The imperative of all that newsprint to fill means that the broadsheets in particular are stuck in a constant hash and rehash of polls and advertisements in at attempt to find something to say about how things are “playing” and what “the voters” or “the electorate” are thinking about the election contest.
It’s a pretty abstract game, concealing the remoteness of most journalists’ lives from the stuff that makes up the headspace of other Australians. One Canberra correspondent recently revealingly referred to voters as “real people”. His piece contained the presumption that these people were some group quite separate from those reading his copy.
Of course the reality is that most people aren’t really thinking about much about the election at all. The picture conveyed by the broadsheets is thus quite out of kilter with the lives people lead – and those underreported matters, among which I would include the politics of the neighbourhood, the real life impact of policy in the schoolyard and the doctor’s waiting room, the strife that surrounds and radiates out from every suburban pokie parlour, and so on and so forth.
So some things are over reported and other things under reported, but the over reporting is not really reporting at all.
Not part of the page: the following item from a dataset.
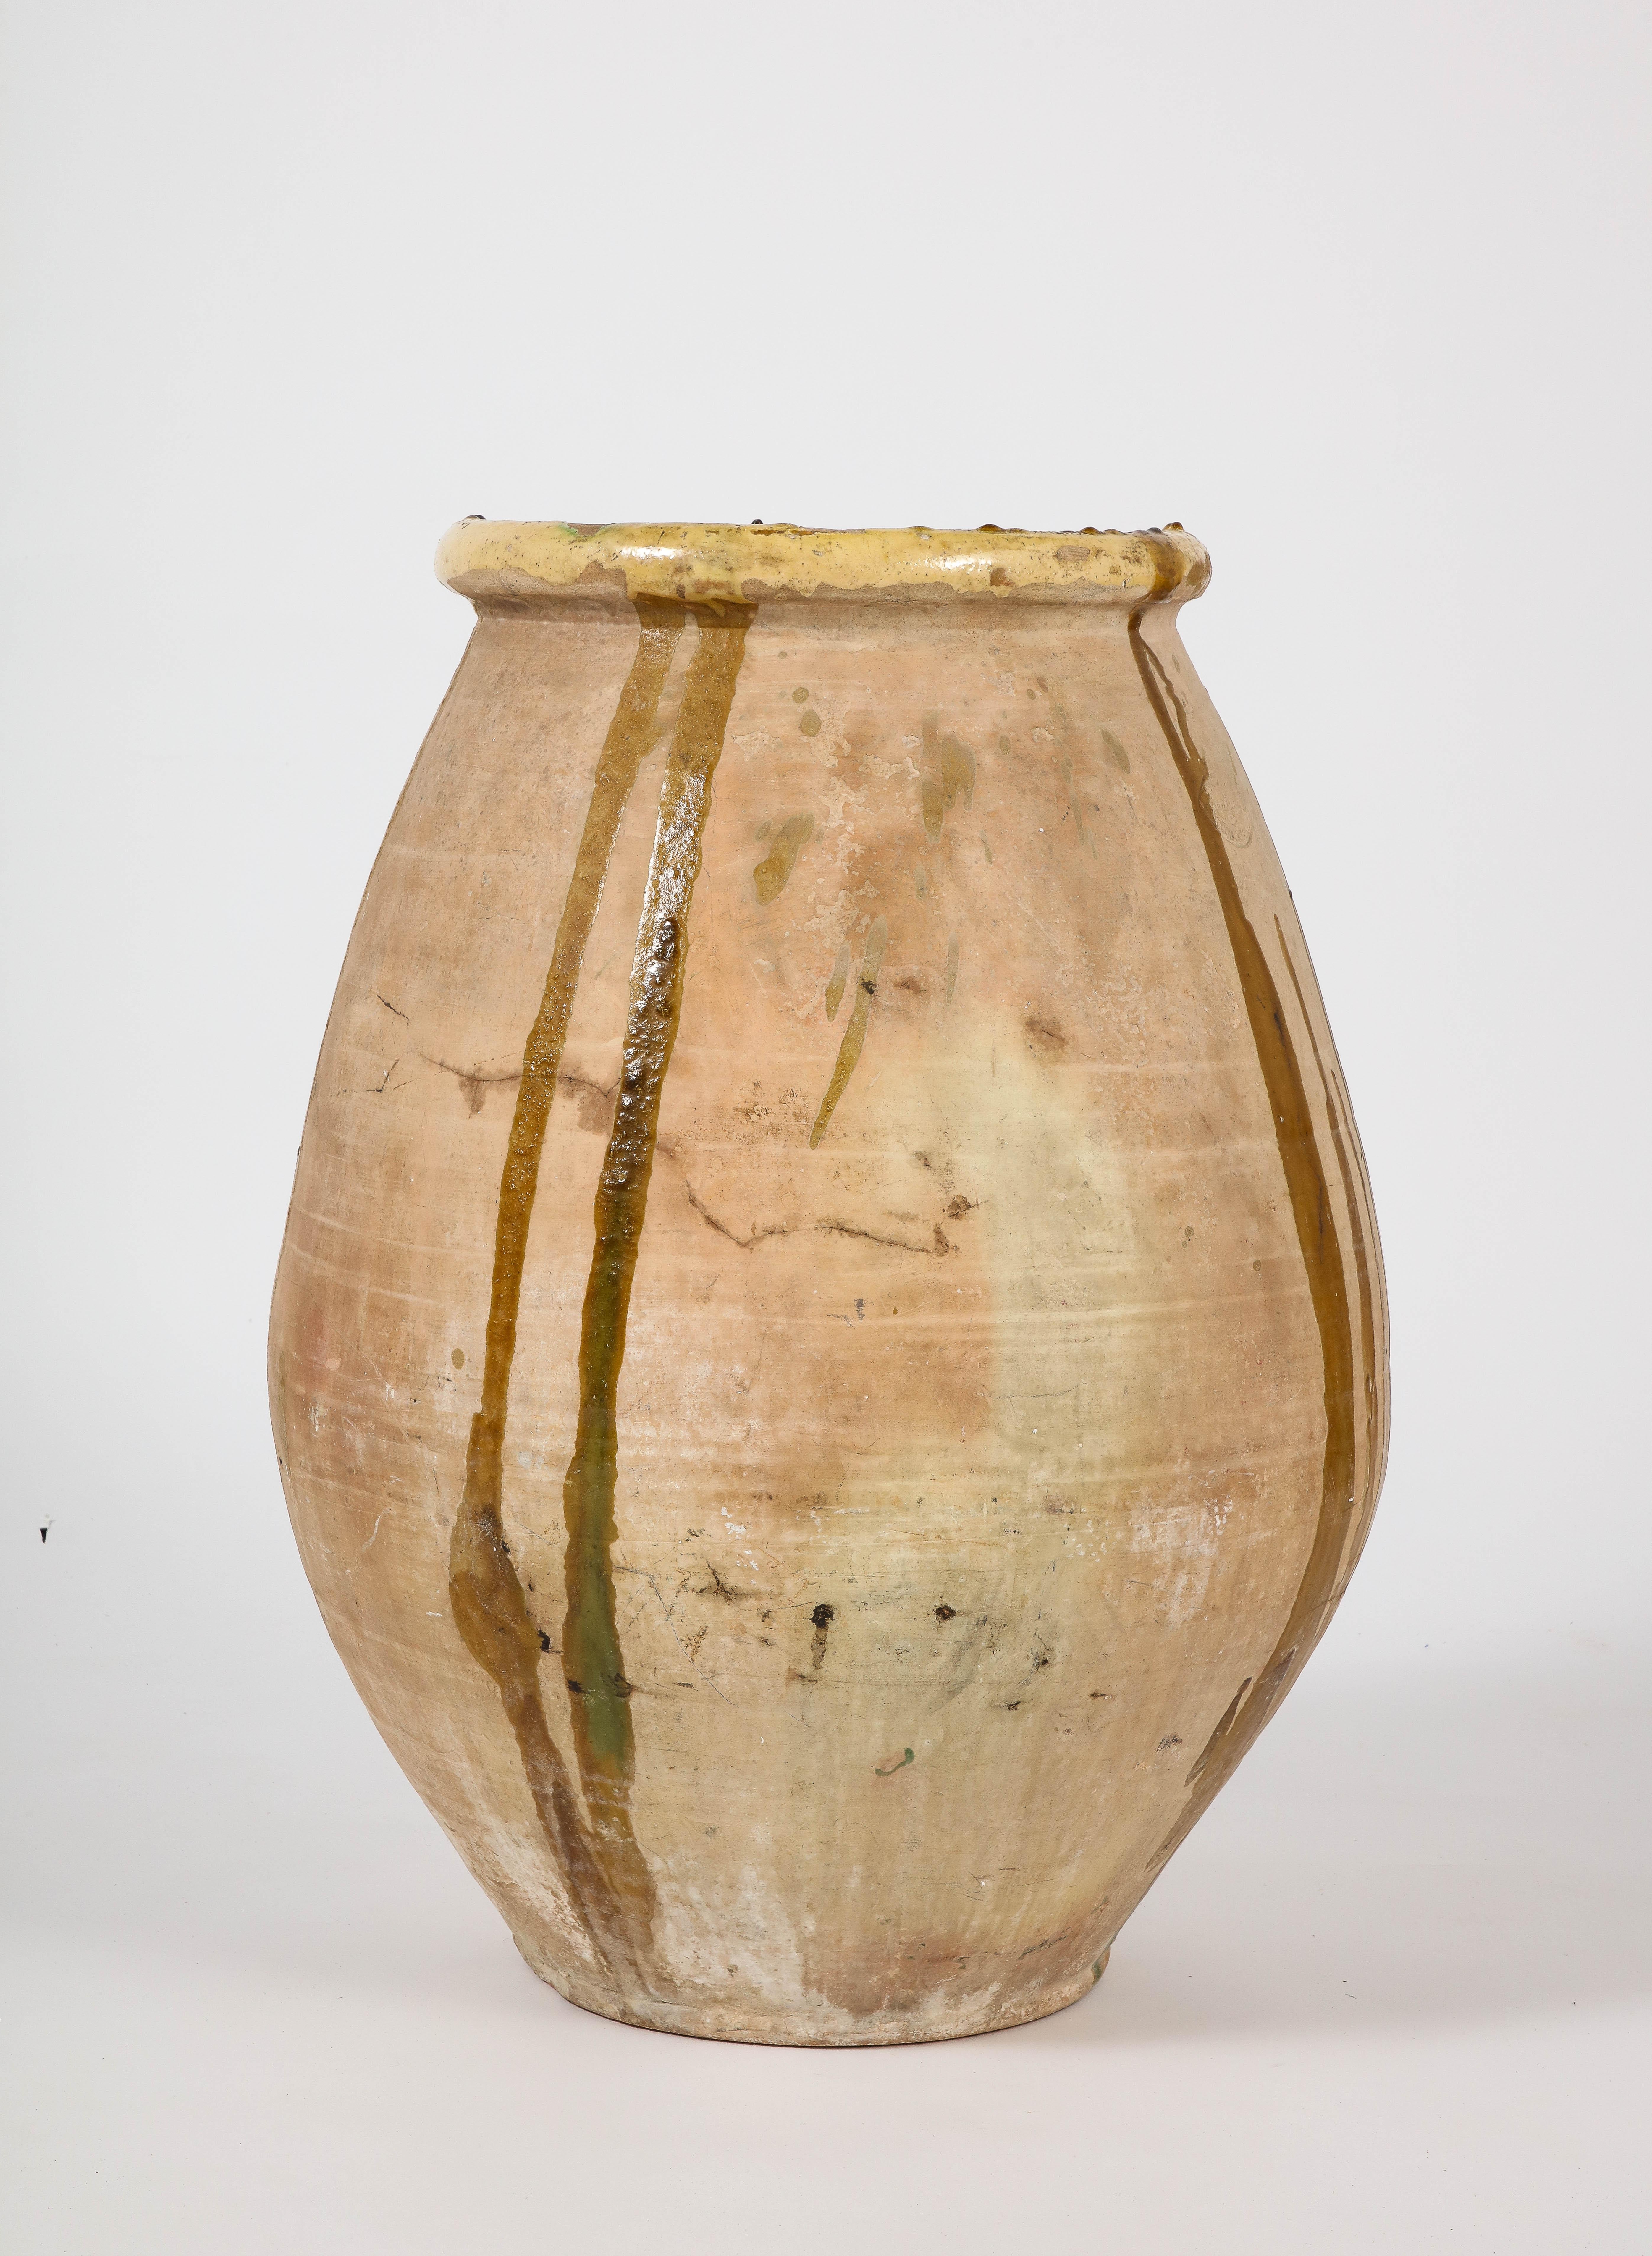 French Provincial 18th Century Terracotta Olive Oil Biot Jar with Glaze For Sale 4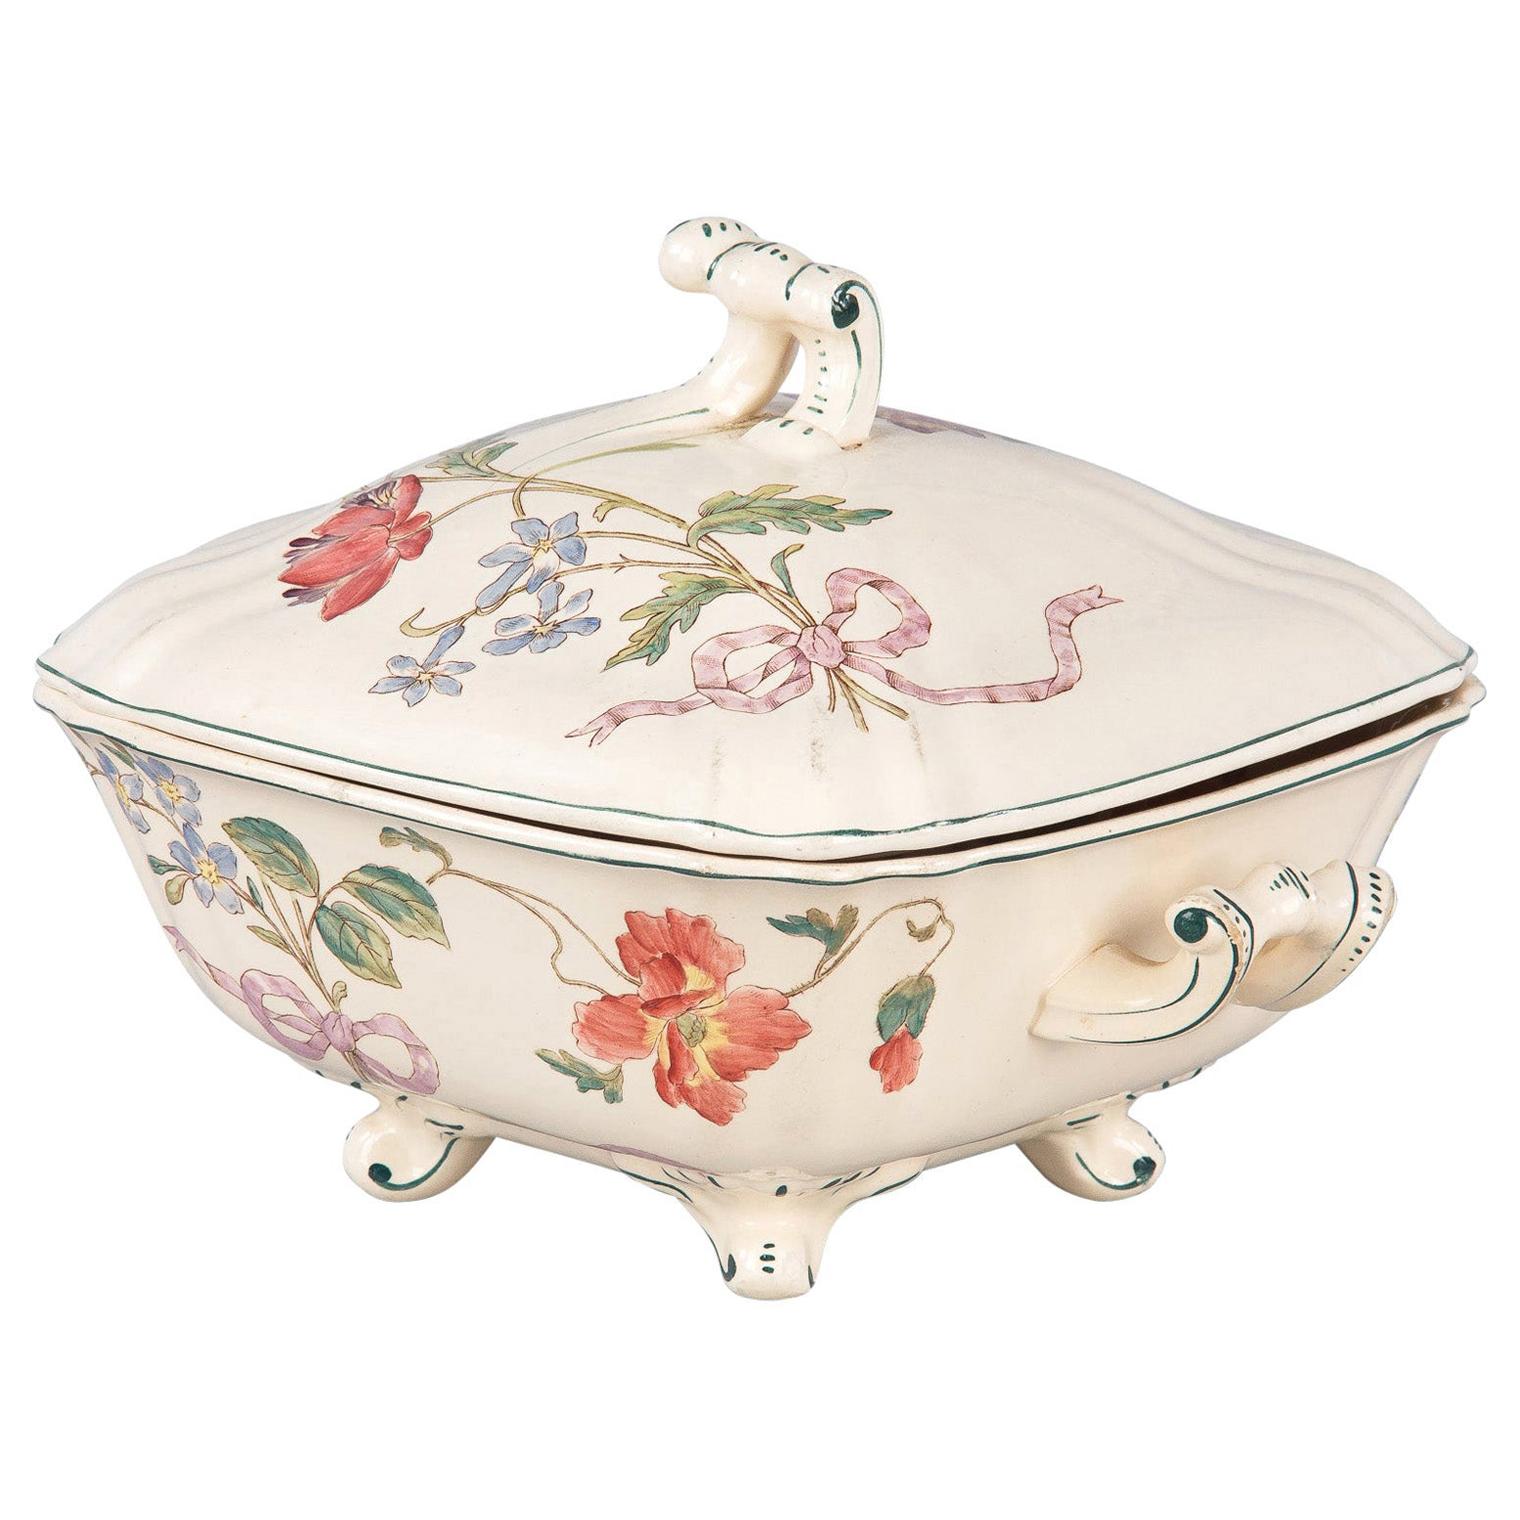 A vintage Longchamp ceramic tureen with hand painted flowers and ribbons. Raised on four scrolled feet, the faience piece has a square form with scrolled handles and a scrolled handle atop the lid. Both lid and tureen have subtly scalloped corners.

It is a kind of churning, a search for things to say, and an attempt to appear knowing, if not all knowing, when most of us are basically ignorant about the states of mind of those outside our immediate circle.
All that having been said, in these very early days of the campaign some interesting things can be said about the coverage. This is based on impressions, rather than detailed content analysis, but it seems to me that while all the broadsheets could be accused of bias, the much mocked tabloids are actually playing it right down the middle, which challenges the usual lefty assumptions about Rupert Murdoch’s bias.
True, thanks to druggie footballers and naughty cardboard box makers, politics hasn’t made it on to the tabloid front pages for much of this week. In both the Herald Sun and The Daily Telegraph, it has sometimes been as far back as page 5 or even 7.
But read the stories and the headlines, and they are pretty much down the middle. Take the Herald Sun’s page three story today as an example – lead favourable to Rudd, the rest a straight recount. Compare with The Australian’s front page “Labor at war over IR Laws”.
My impression – and the hard content analysis should and no doubt will be done – is that the broadsheets are perhaps unconsciously tending to play culture war games. The tabloids on the other hand know that for most Australians, there is no culture war – or at least none that is of relevance or interest to them.
I suspect the real story is that there is no story. Those who are interested made up their minds long ago. Those who are undecided will not begin to think about the campaign for some weeks yet. No headline in that.